There is also a discrepancy between what Starlink claims and what regulators record. The company announced in January 2026 that it had reached one million customers in Brazil. Anatel's official records, however, showed only 704,761 active connections as of March 2026. When asked about the gap, Anatel suggested that Starlink may have submitted inaccurate data to the regulator. Starlink did not respond to requests for comment on the divergence. The regulatory data comes from operators' monthly reports, submitted by the 15th of the following month and published by month's end, so the lag should not exceed one month. What happens next will depend partly on how regulators handle the informal Starlink farms and partly on whether the company can continue its launch cadence and drive down equipment costs.
Citações Notáveis
Starlink is now the country's 14th largest operator, growing at an average rate of 59% per month—a pace that dwarfs traditional operators, which have managed only around 1% monthly growth— Anatel broadband access data
Anatel considers such operations illegal when conducted without proper authorization, as they constitute unauthorized commercial data transmission services— Brazil's telecommunications regulator
A Conversa do Hearth Outra perspectiva sobre a história
Why has Starlink become so dominant specifically in the most rural areas? Isn't satellite internet supposed to work everywhere equally?
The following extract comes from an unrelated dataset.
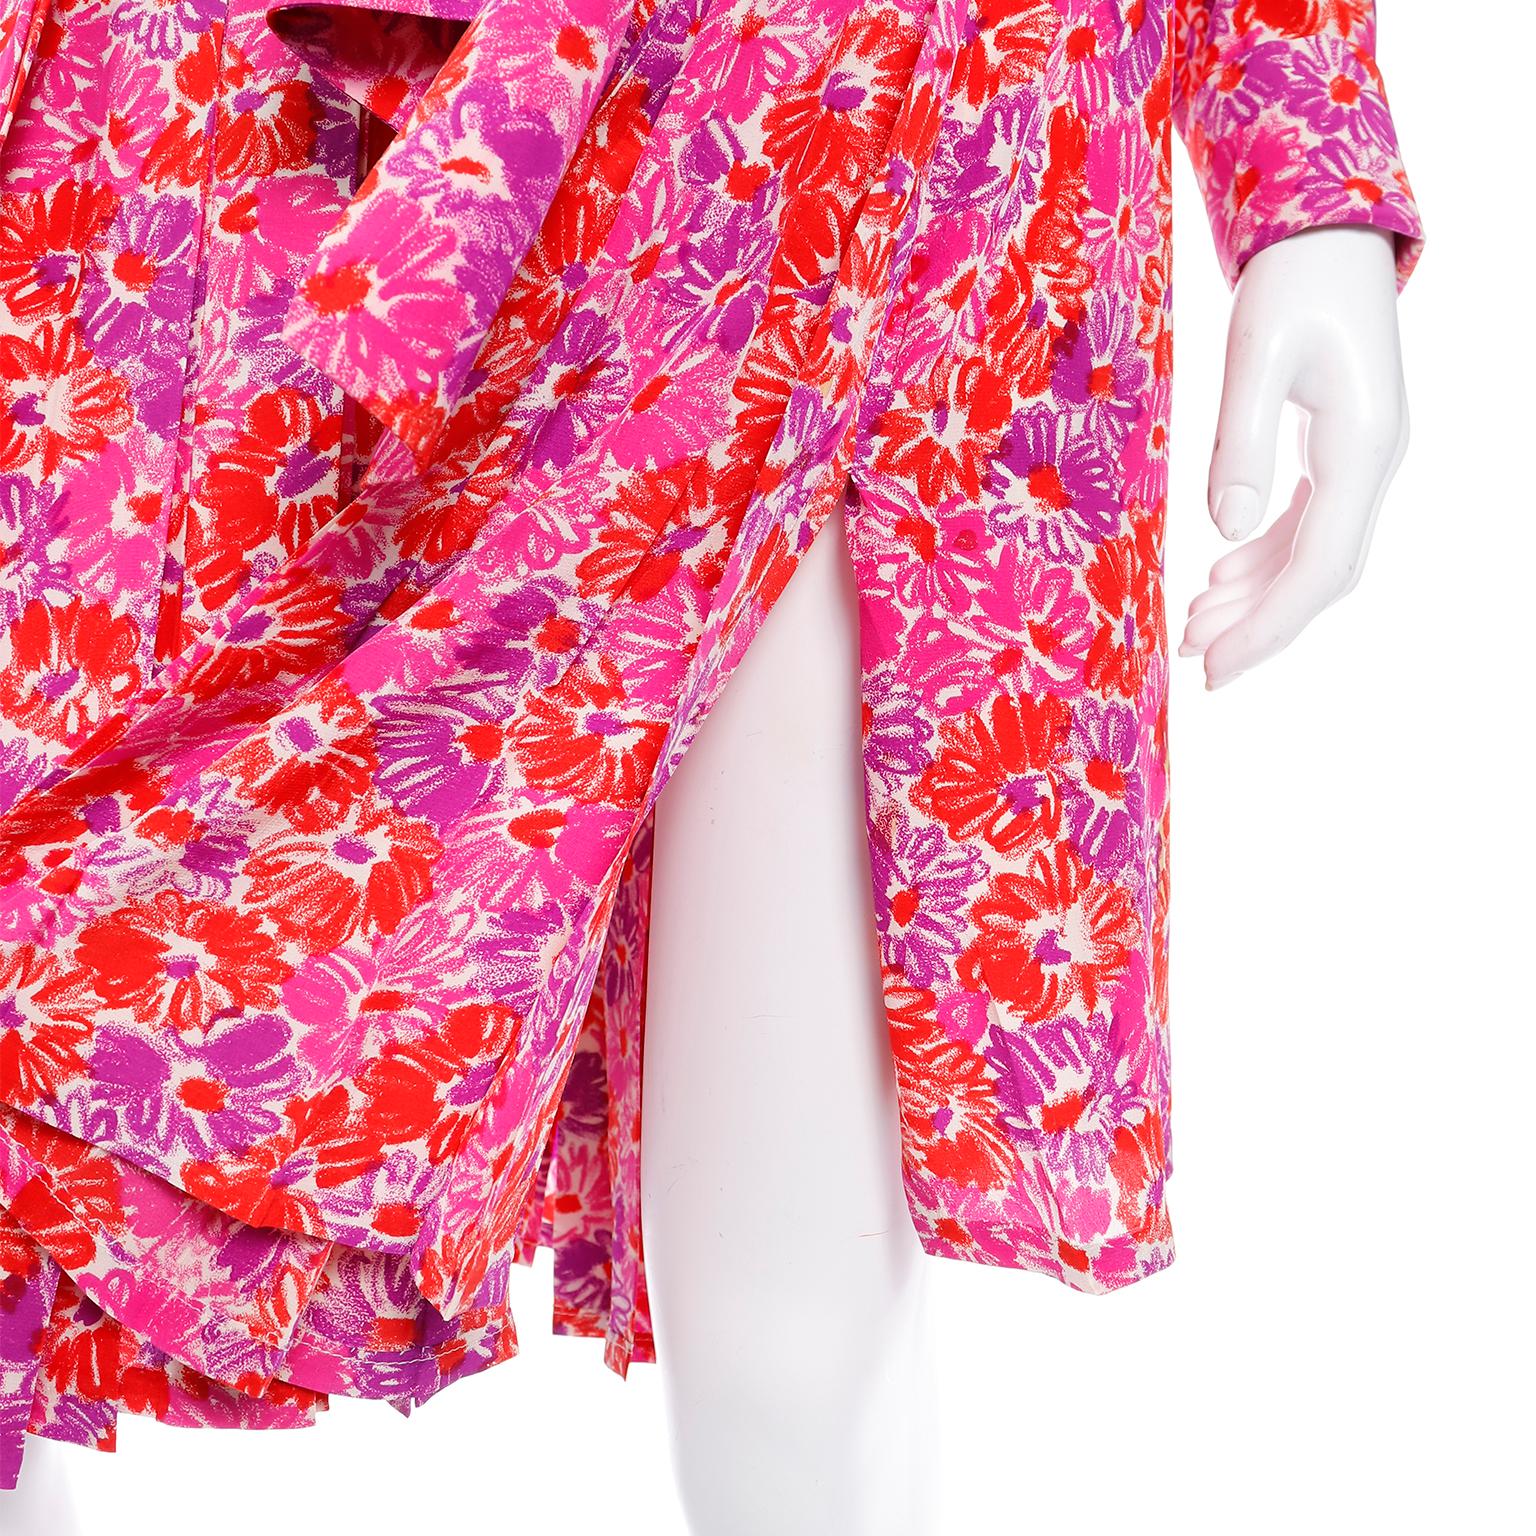 Yves Saint Laurent S/S 1989 Vintage Colorful Pink Floral Silk YSL Runway Dress For Sale 7

The advantage isn't technical—it's economic. Fiber optic networks require digging, laying cable, building towers. In a town of 5,000 people spread across hundreds of kilometers, that infrastructure cost per customer becomes prohibitive. Starlink just needs a dish. But that only explains why it can operate there, not why it dominates. The real reason is that traditional operators never bothered to show up in the first place.
So Starlink is filling a vacuum that existed before it arrived.
Exactly. And it's doing so at scale. Fifty-nine percent monthly growth is extraordinary. But there's a catch—the antenna costs 2,000 reais. That's a month's wages for many rural Brazilians. So what's happening now is people are pooling resources, installing shared antennas, and reselling the signal locally. It's creative, but it's also technically illegal.
Why is it illegal if it's solving a real problem?
Because telecommunications regulation requires a license to sell data transmission services. These informal Starlink farms operate without one. Regulators see it as unlicensed competition. But from a rural resident's perspective, it's the only way to afford internet at all. That tension—between what's legal and what's necessary—is probably going to define how this plays out.
Does Starlink know this is happening?
Almost certainly. But they're not stopping it, at least not visibly. The company has bigger concerns right now—there's a gap between what they claim as customers and what regulators actually record. A million customers claimed, 700,000 officially registered. That discrepancy matters for their credibility.
What does that gap suggest?
Either Starlink is counting people differently than regulators do, or they're reporting numbers they haven't verified. Anatel thinks it's the latter. Either way, it raises questions about how fast this company is really growing and whether the numbers they're publishing can be trusted.